В этот момент из спальни вышел Ашерон.
— Что-то не так? — спросил он.
Кэт уже было хотела подойти к нему в поисках утешения, но потом решила держать дистанцию. Потому что сейчас отец слишком сильно напоминал ей Сина.
— Где Артемида?
Ашерон кивком голову указал на строение, видневшееся у него за плечом.

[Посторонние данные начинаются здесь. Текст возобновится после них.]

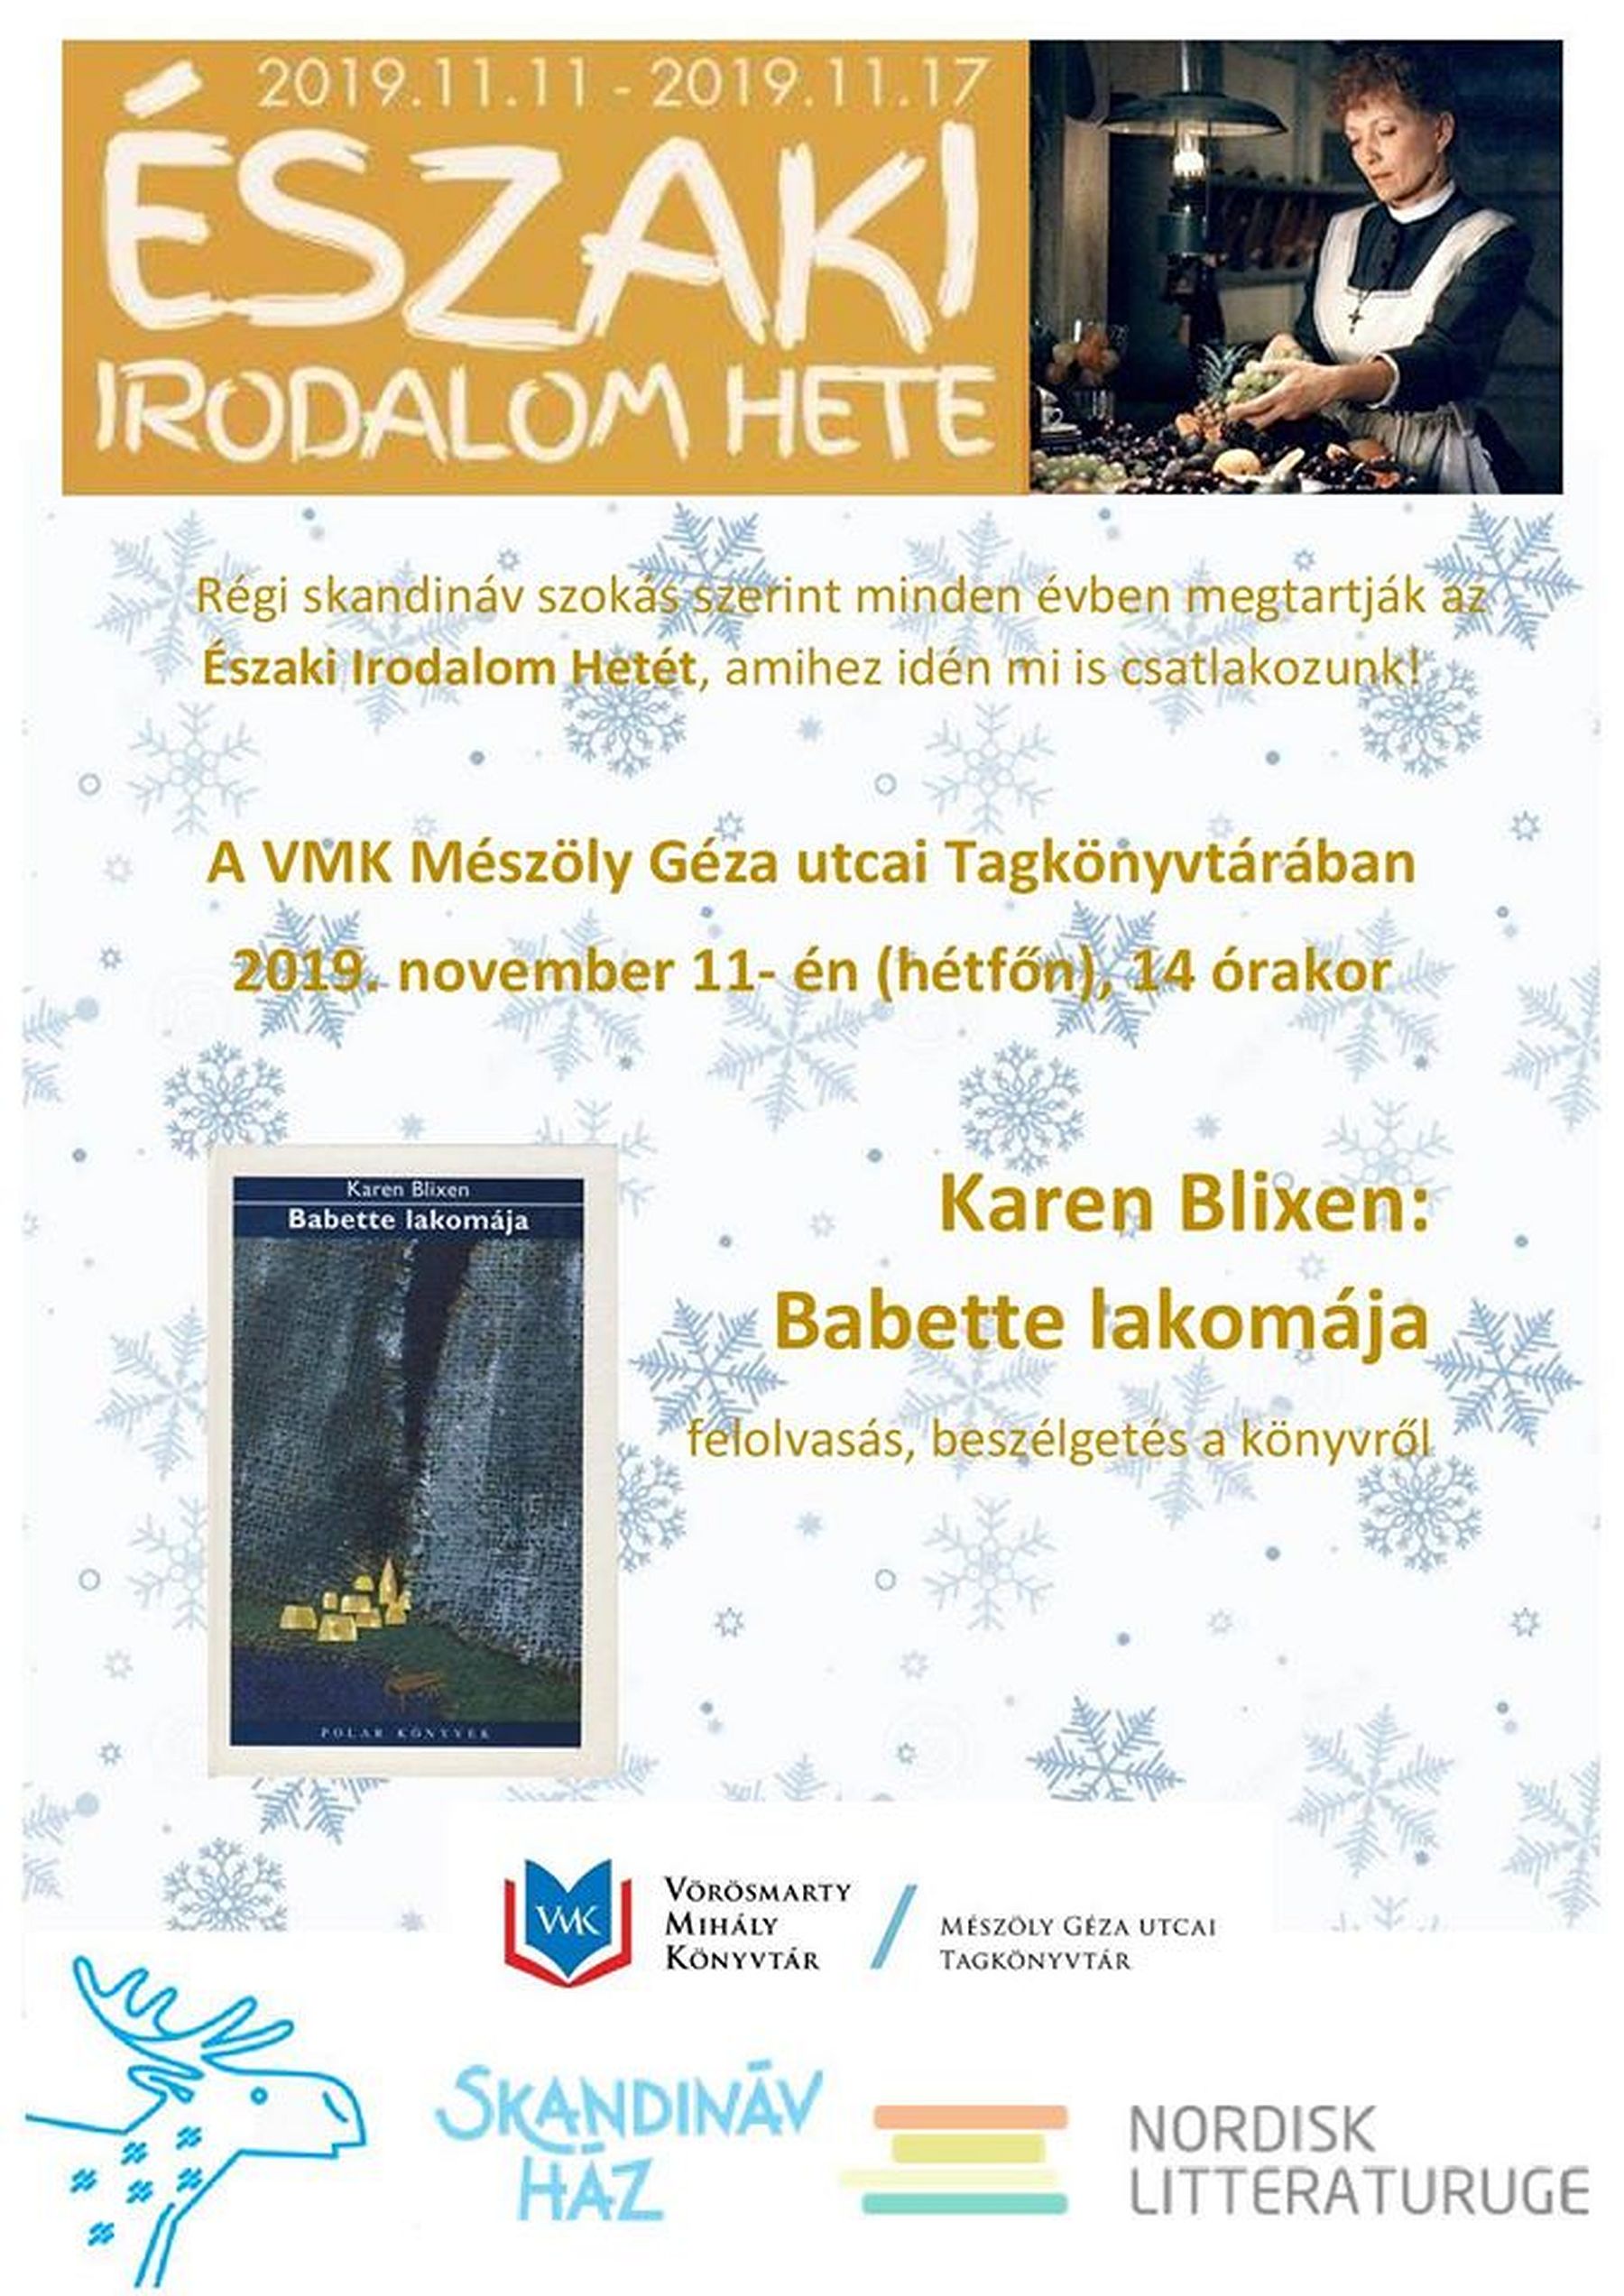 Északi Irodalom Hete - beszélgetés Karen Blixen: Babette lakomája című művéről a Mészöly Géza utcai Tagkönyvtárban

— Видишь тот большой дом на холме? Его довольно сложно не заметить. Это адски безвкусный особняк, который выглядит как потворство мании величия. Зевс, по-видимому, устраивает вечеринку, и Артемида решила её посетить.
Ну, разумеется. Она, вероятно, ушла надолго. Ну что за невезение!
Ашерон шагнул к ней.
— Я могу чем-то помочь?
— Нет, — произнесла Кэт раздраженно. — Ты — мужчина, а я сейчас ненавижу вас всех.
Он отступил на два шага.
— Хорошо. Я все понял. Так как мое присутствие тебе сейчас неприятно, то я вместе со своей мужественностью отправляюсь на террасу. А ты можешь присоединиться ко мне в любой момент, если, конечно, сумеешь простить мне этот очевидный врожденный дефект.

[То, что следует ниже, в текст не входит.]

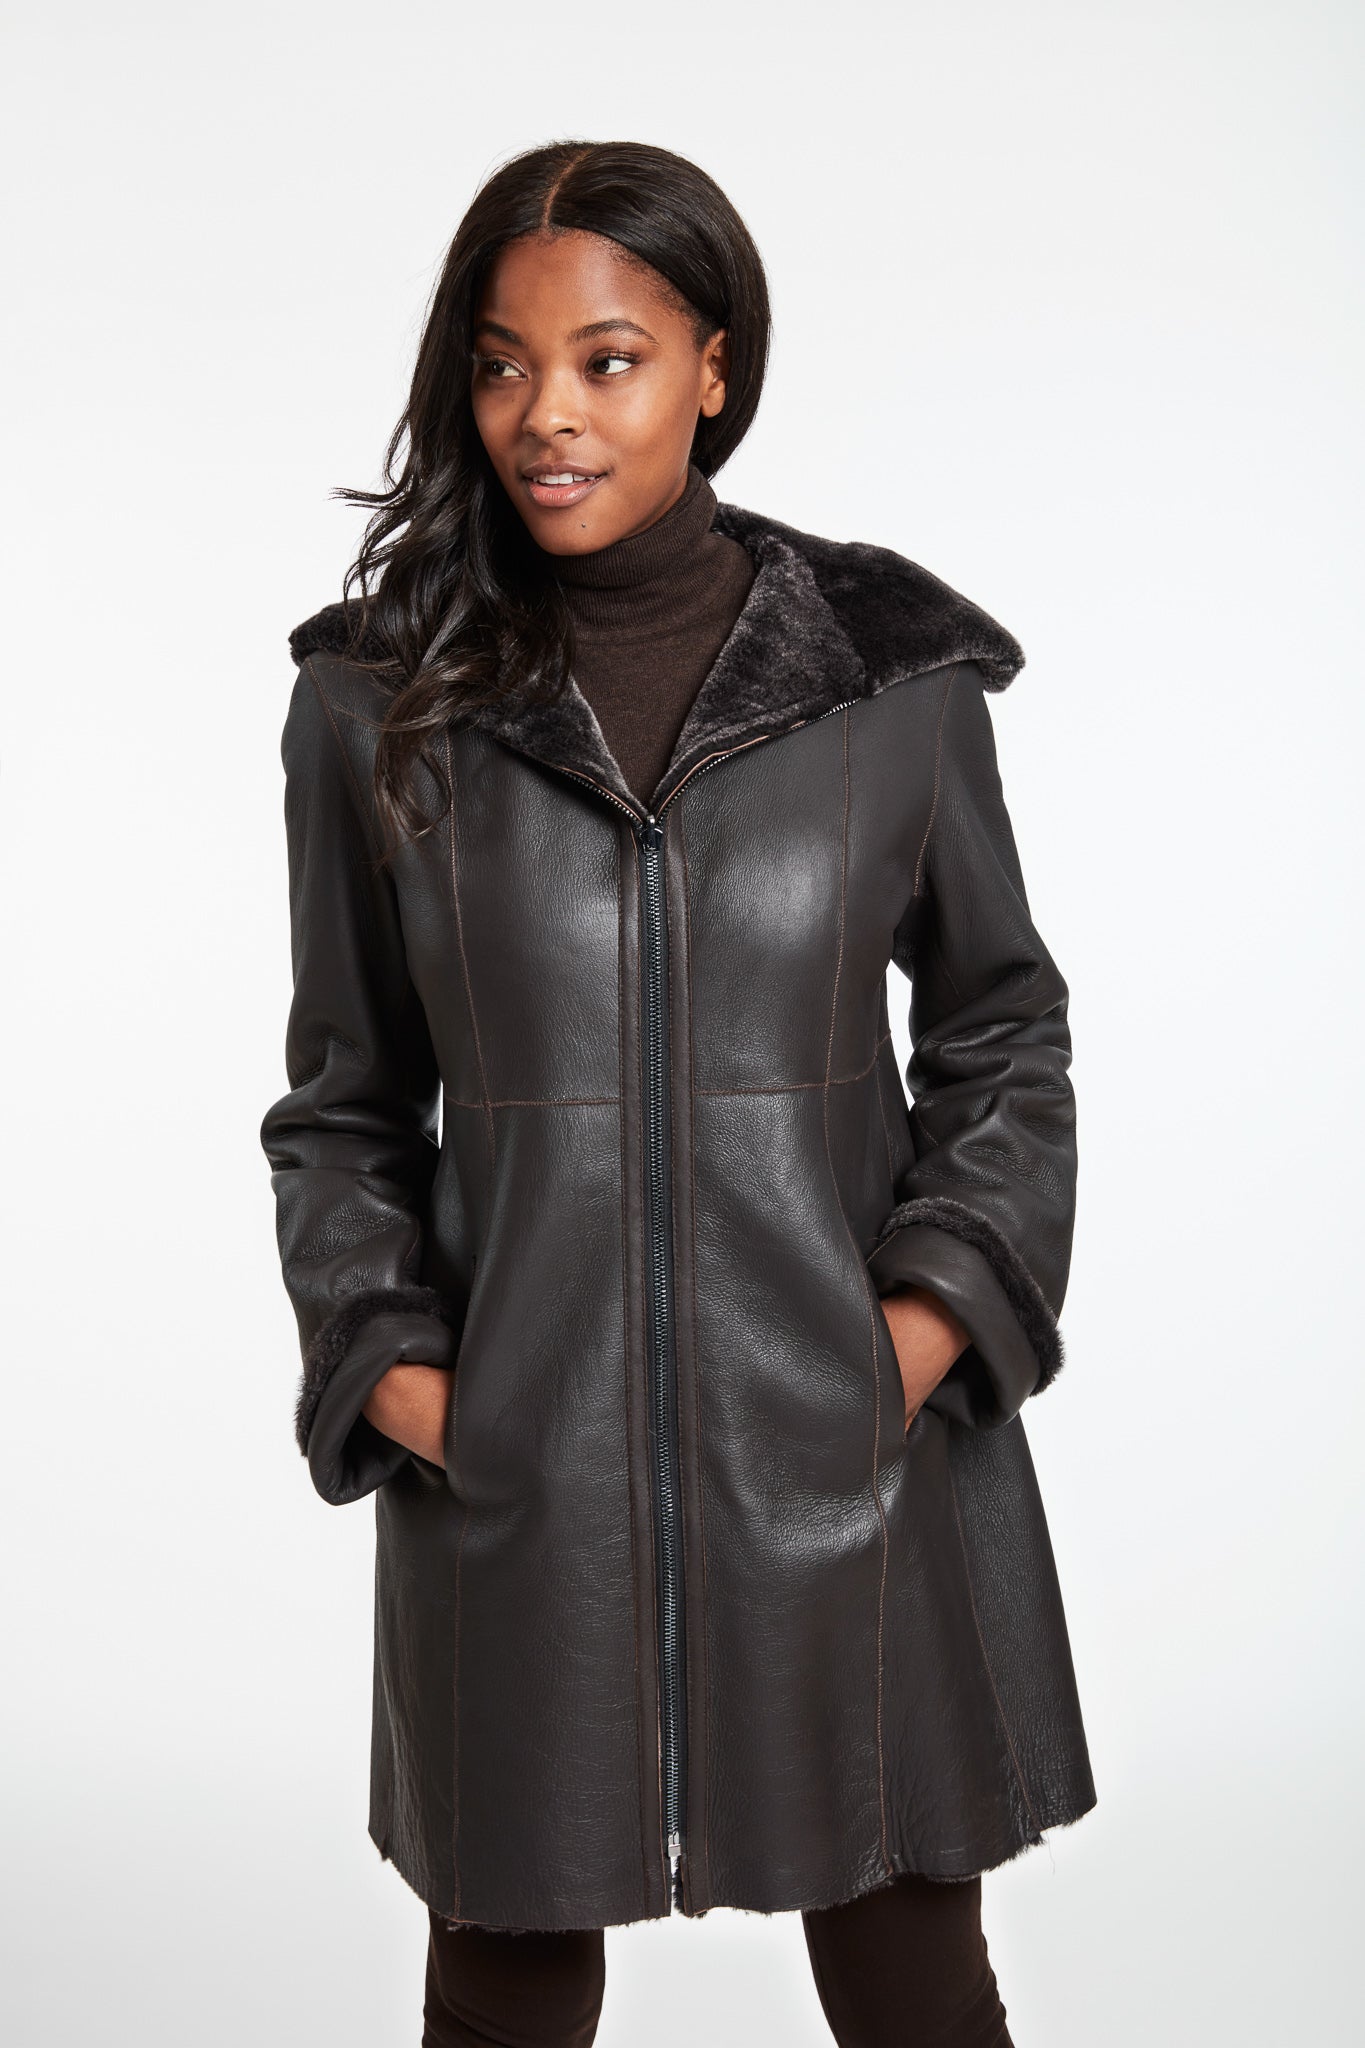 Fitted Zip Shearling Coat, Women's Coats

Кэт внимательно на него посмотрела. Он явно пытался перевести все в шутку. Это было ещё одной причиной, по которой Кэт сейчас чувствовала ненависть ко всем мужчинам. Её отец вышел наружу и сел на перила балкона, прислонившись спиной к колонне. На мгновение ей захотелось подбежать к нему и столкнуть вниз. И, несмотря на то, что эта мысль доставила ей некоторое удовольствие, Кэт прекрасно знала правду. Она злилась вовсе не на отца.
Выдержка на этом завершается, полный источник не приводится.